#### Work order:
The data below holds a line containing "Blue Eye, Arkansas - 1916" and a line containing "CORSY NAVY BLUE/ACID GREEN Boy Sandals"; please quote exactly those two lines and every line between them, and nothing else.

─── Dataset entries

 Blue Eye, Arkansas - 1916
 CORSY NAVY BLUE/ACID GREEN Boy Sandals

──────
─── Dataset entries

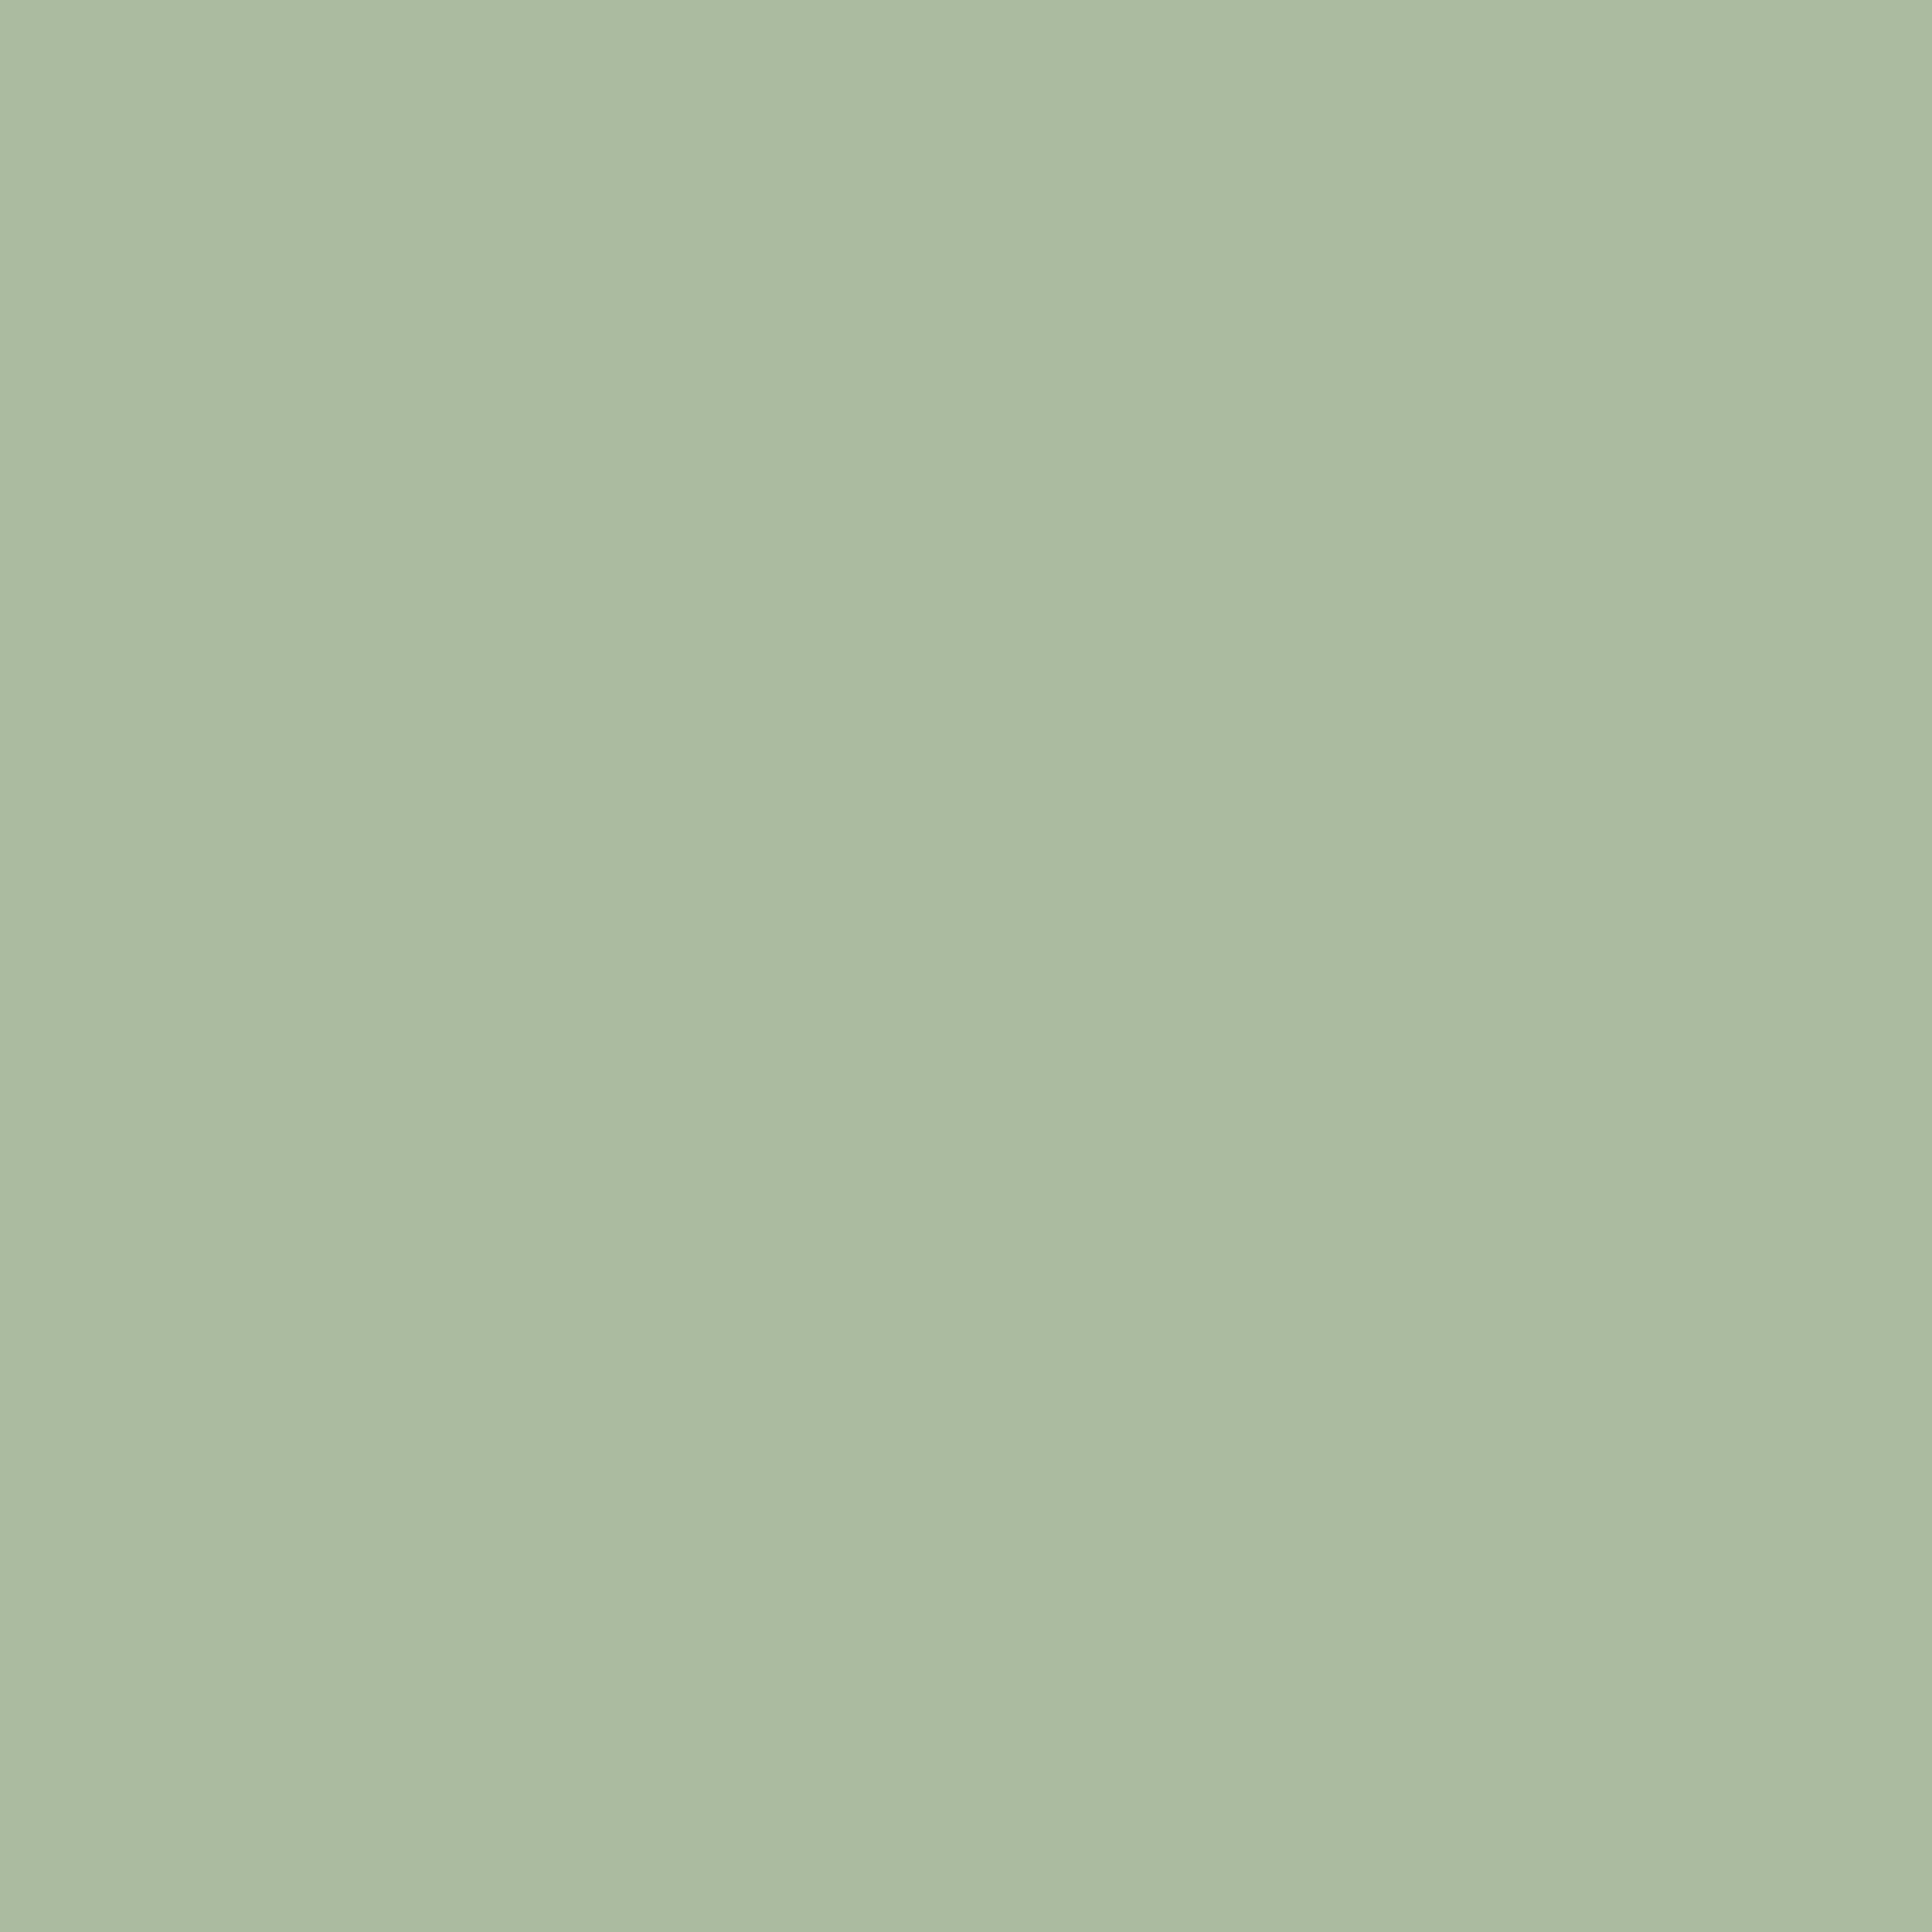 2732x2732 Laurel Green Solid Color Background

──────
─── Dataset entries

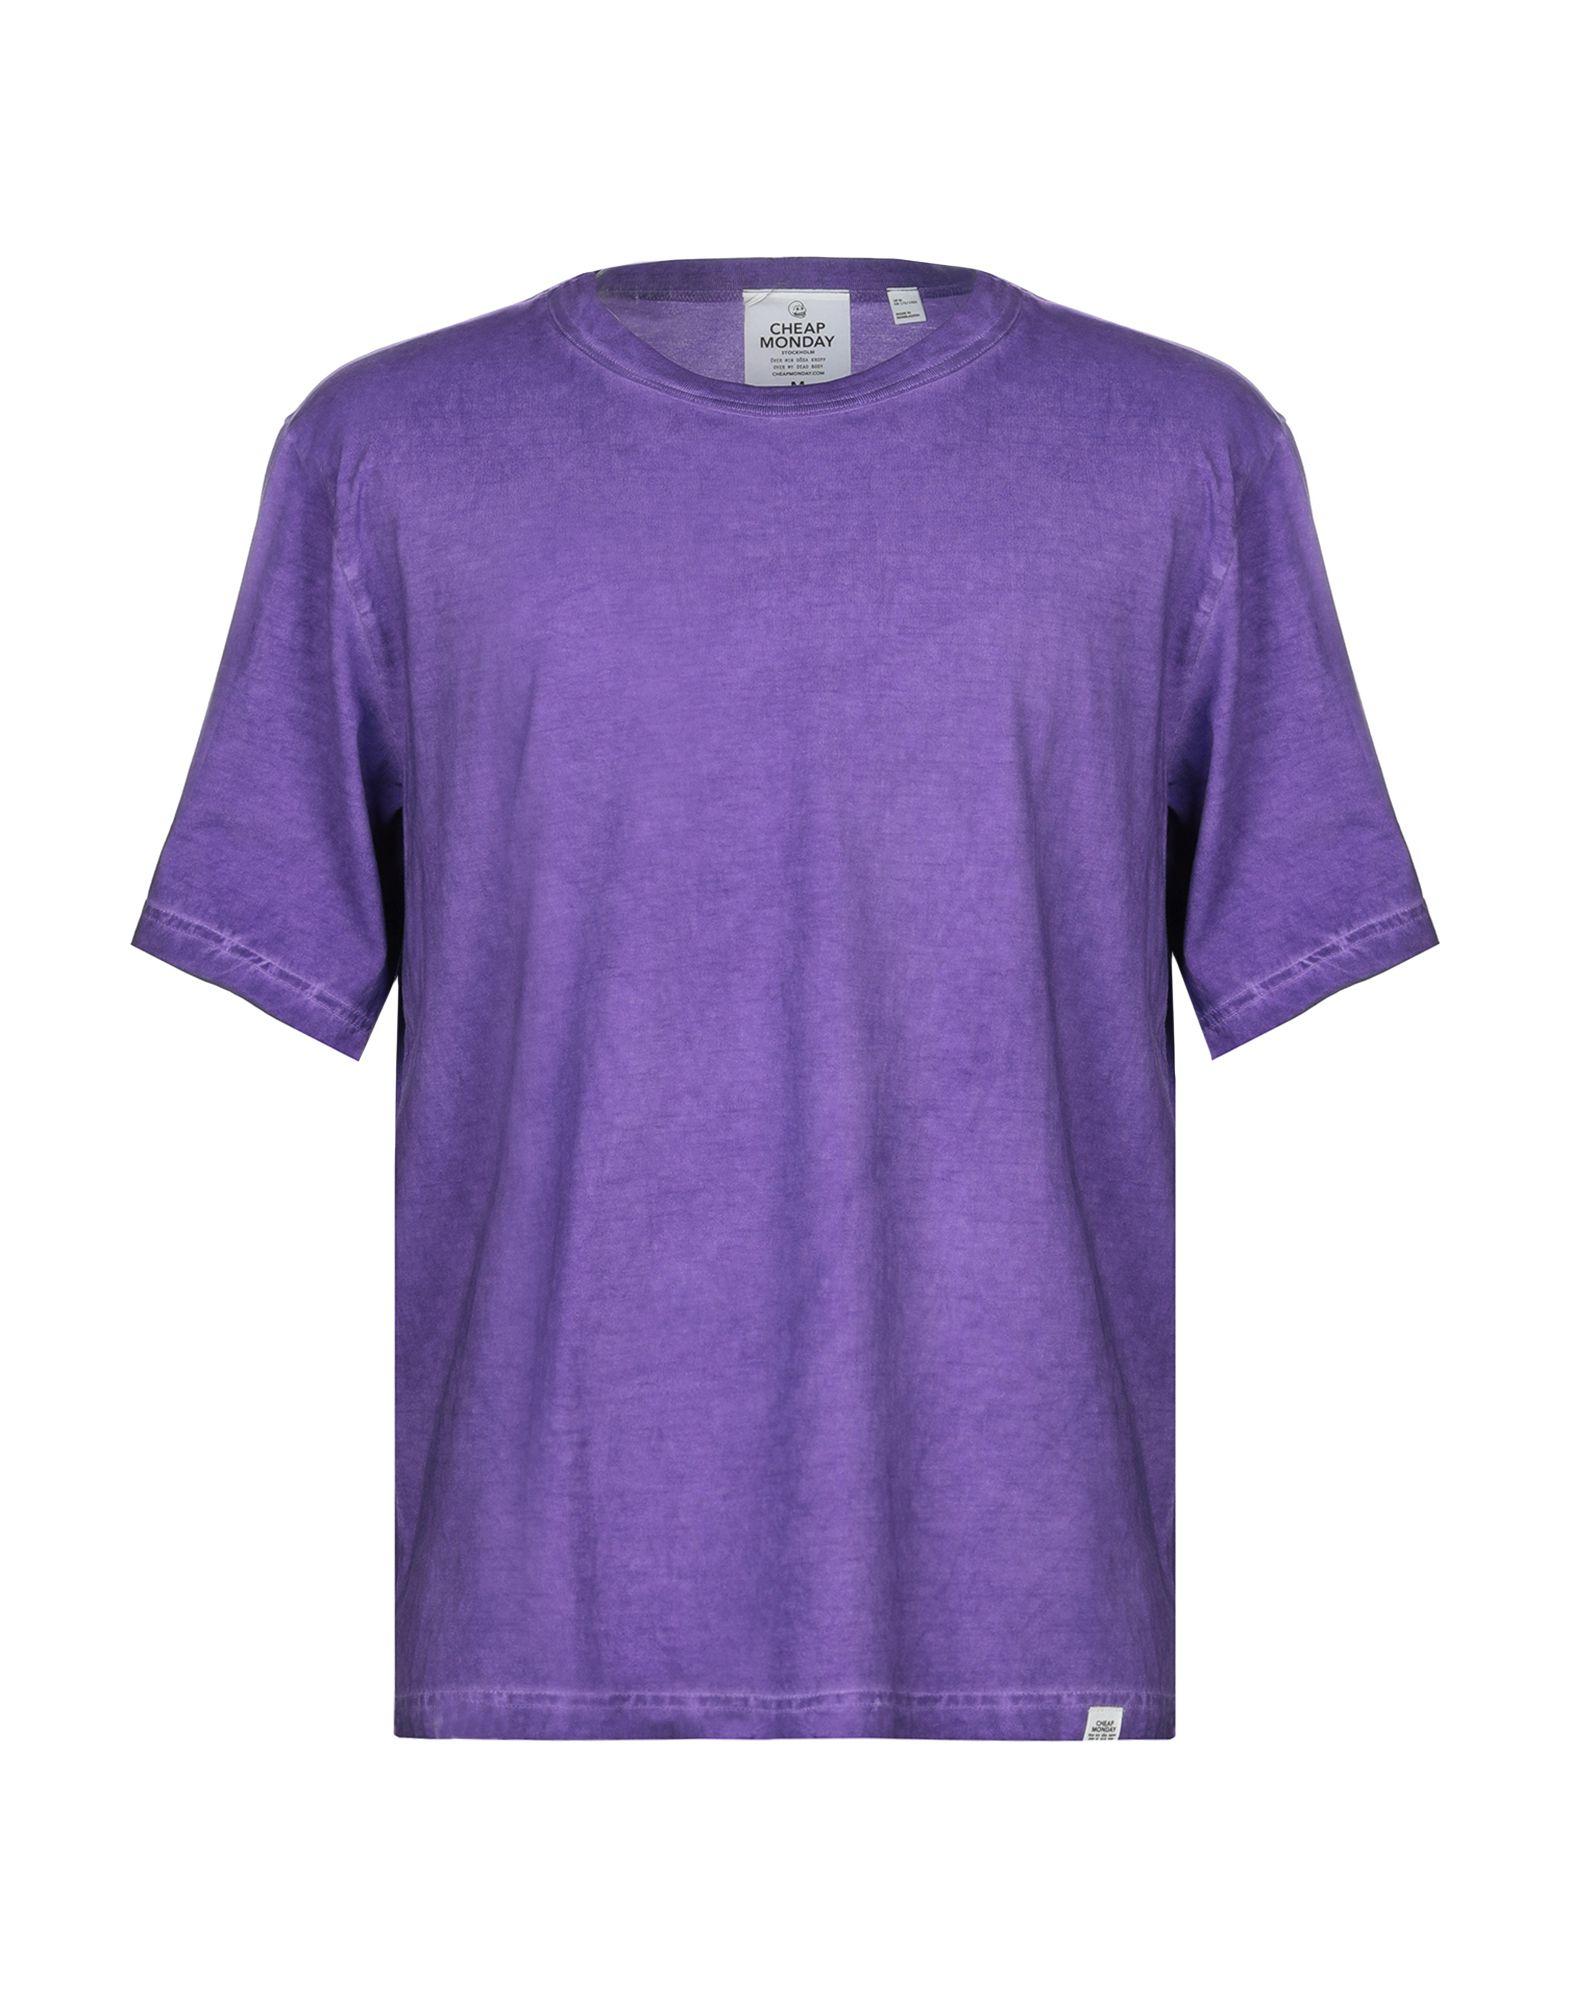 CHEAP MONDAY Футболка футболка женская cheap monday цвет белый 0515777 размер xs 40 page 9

──────

#### Solution for this task:
 Blue Eye, Arkansas - 1916
 CORSY NAVY BLUE/ACID GREEN Boy Sandals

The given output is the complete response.